Два с половиной часа спустя, когда концерт завершился, он дал себе волю и изругал решительно всех. На него не обиделись — всем все было понятно.
— Иван Данилович, — сказал, когда уже ждали орманов, Лабрюйер. Стрельский в это время караулил, чтобы никто не помешал беседе. — Я хочу пригласить вас на небольшой спектакль. Место действия — гостиная на втором этаже нашей дачи.
— Что вы затеяли?
— Я пригласил инспектора сыскной полиции господина Линдера и агентов — Самойлова и Фирста.
— На что они вам?
— Хочу навести порядок в деле об убийстве фрау Сальтерн.
— Как вы можете это сделать?
— Увидите. Все, чего я прошу, — это полчаса времени. Поверьте, ради этого получаса я сегодня весь день трудился и истратил кучу денег.

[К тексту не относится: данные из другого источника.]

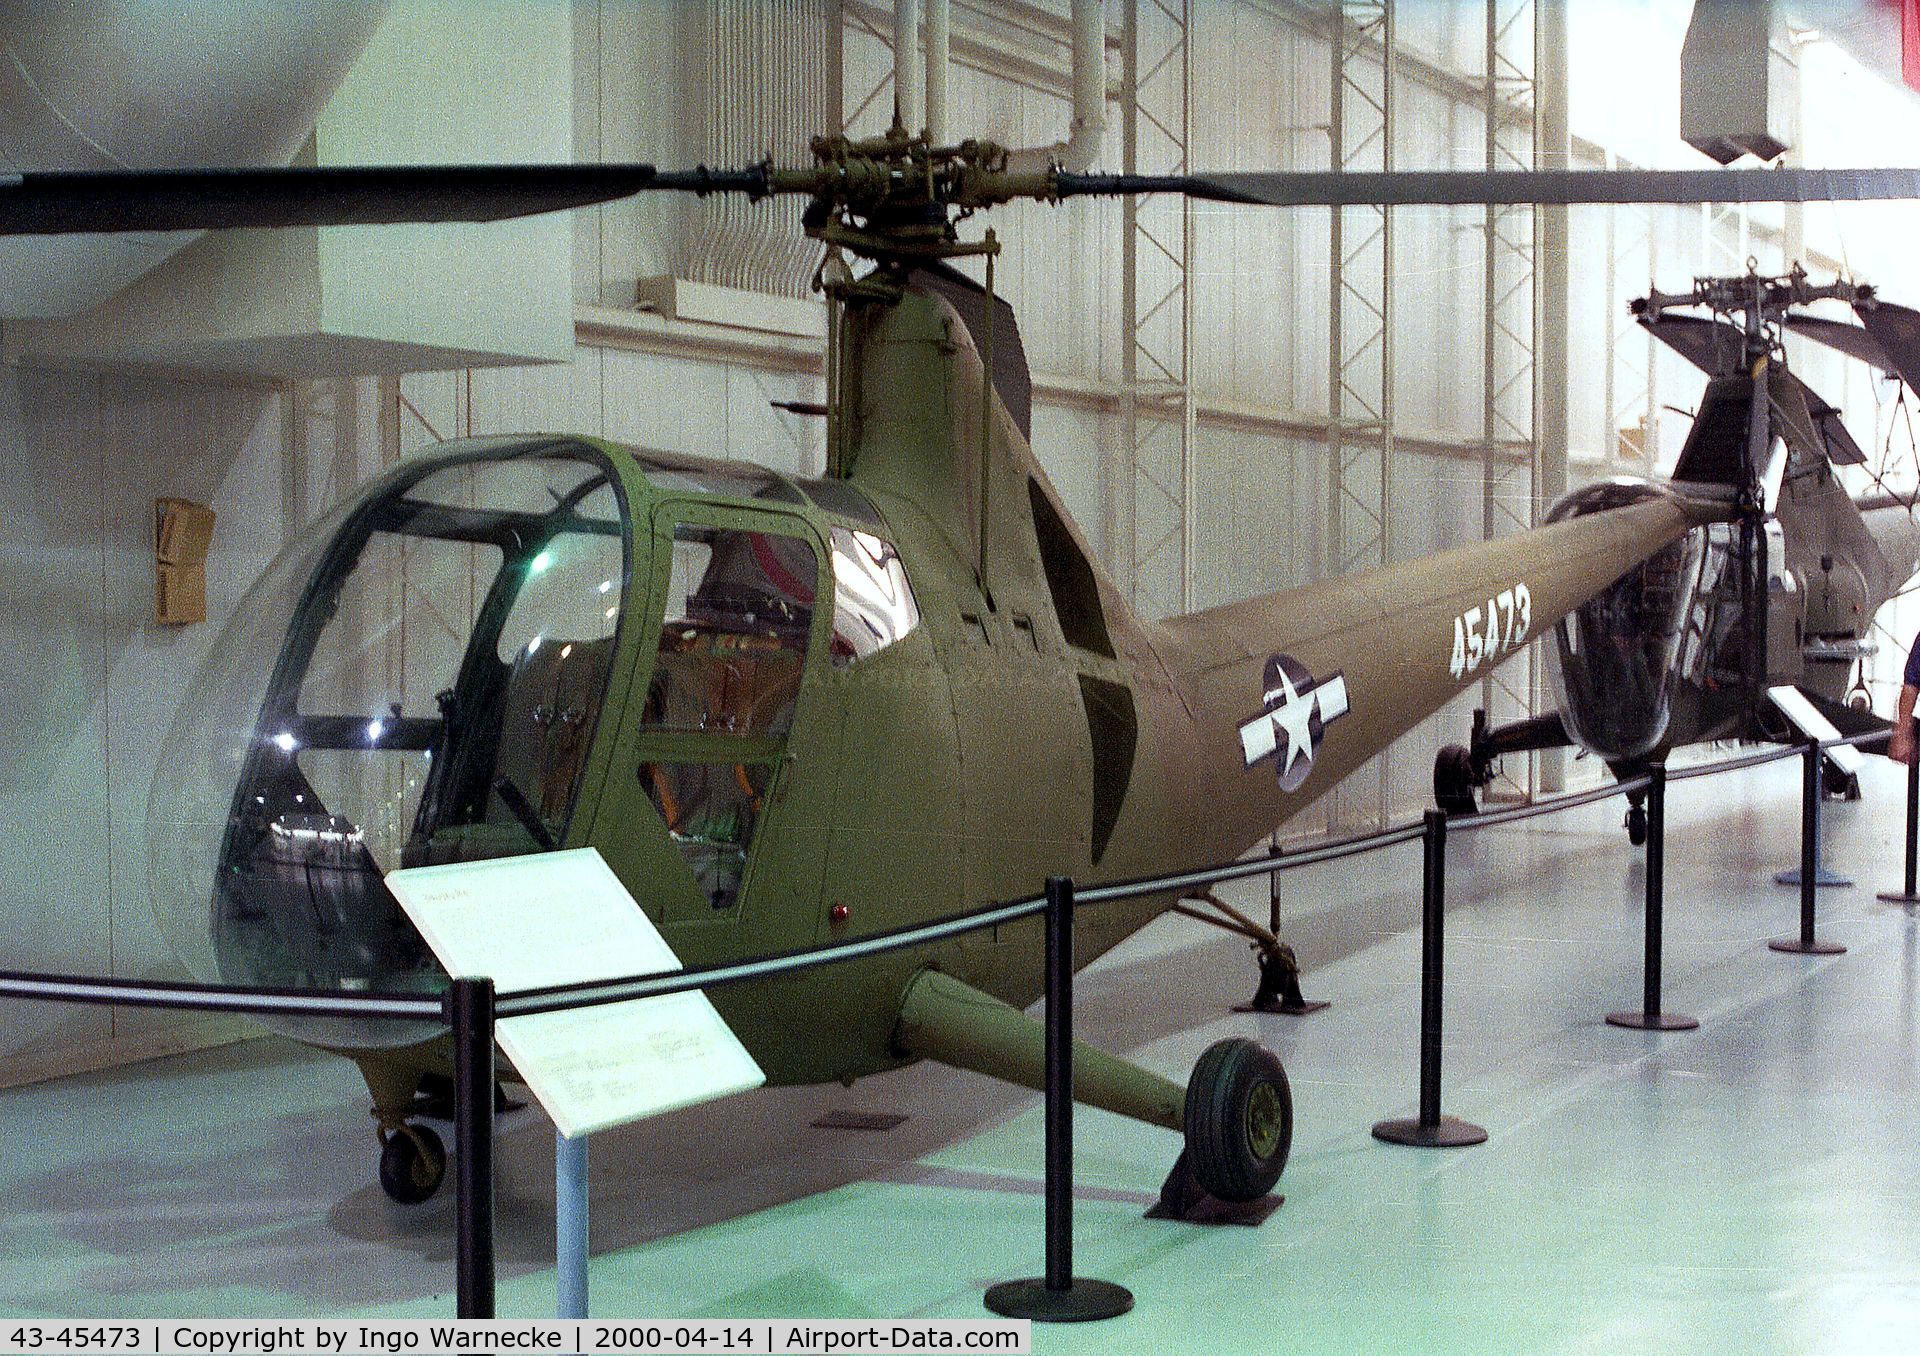 43-45473, 1944 Sikorsky R-6A Hoverfly C/N Not found 43-45473, Sikorsky R-6A Hoverfly II of the US Army Aviation at the Army Aviation Museum, Ft Rucker AL
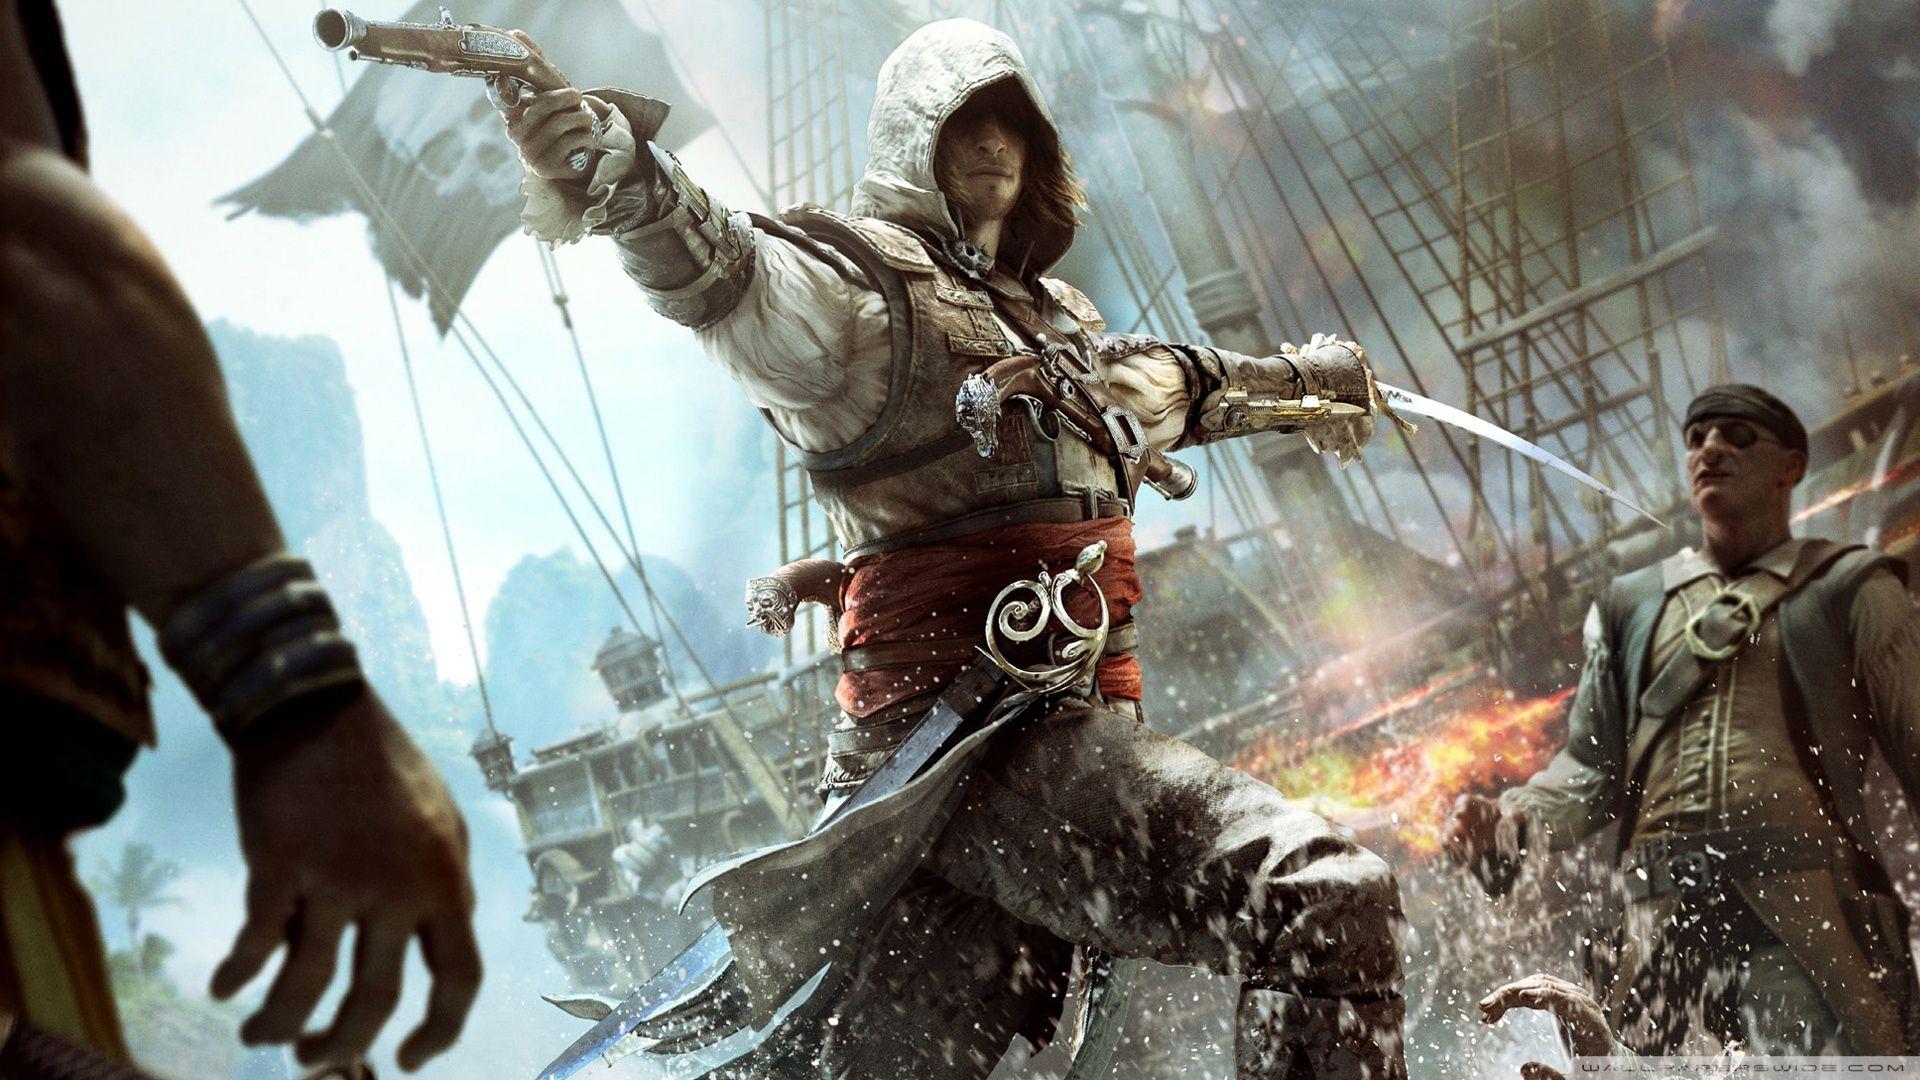 Edward Kenway End up with Mary Read

— Ну ладно. Поскольку вы сегодня хорошо исполнили свои романсы… — Кокшаров усмехнулся. — Стрельский мне намекнул, что вы служили в полиции.
— Да, служил. Возможно, теперь опять туда вернусь, — ответил Лабрюйер. — Понимаете, это в человеке неистребимо. Это как театр, только еще хуже.
К нему подошла Танюша, ведя за руль велосипед.
— Александр Иванович…
— Что, Тамарочка?
— Александр Иванович, я, кажется, в беду попала.
— Вы про Николева?
— Ах, что такое Николев? Просто гадкий мальчишка! — совершенно забыв, что речь о законном супруге, выпалила Танюша. — Александр Иванович, вы не поверите, но я правду говорю.
— Так что же за правда?
— В меня стреляли.
— Это как?
— Откуда я знаю — как? Может, из ружья, может, из револьвера. Я на дачу боюсь возвращаться!
— Тамарочка, простите, я должен срочно ехать в Майоренхоф, встречать авто из Риги. Давайте вы мне все завтра утром расскажете?
— Но я боюсь ехать на дачу! Я туда не поеду! Мне просто негде ночевать!
— Тамарочка, я поговорю с Алешей…
— Но в меня стреляли!
— Кто мог в вас стрелять?
— Я не знаю! Александр Иванович, придумайте что-нибудь! Я боюсь Терской говорить — она подумает, будто у меня в голове зонтиком помешали… В меня правда стреляли! Это было около восьми утра!
— Кто мог в вас стрелять? У вас же нет врагов. Послушайте, вы мне все расскажете, только не сейчас, а сейчас поезжайте на дачу…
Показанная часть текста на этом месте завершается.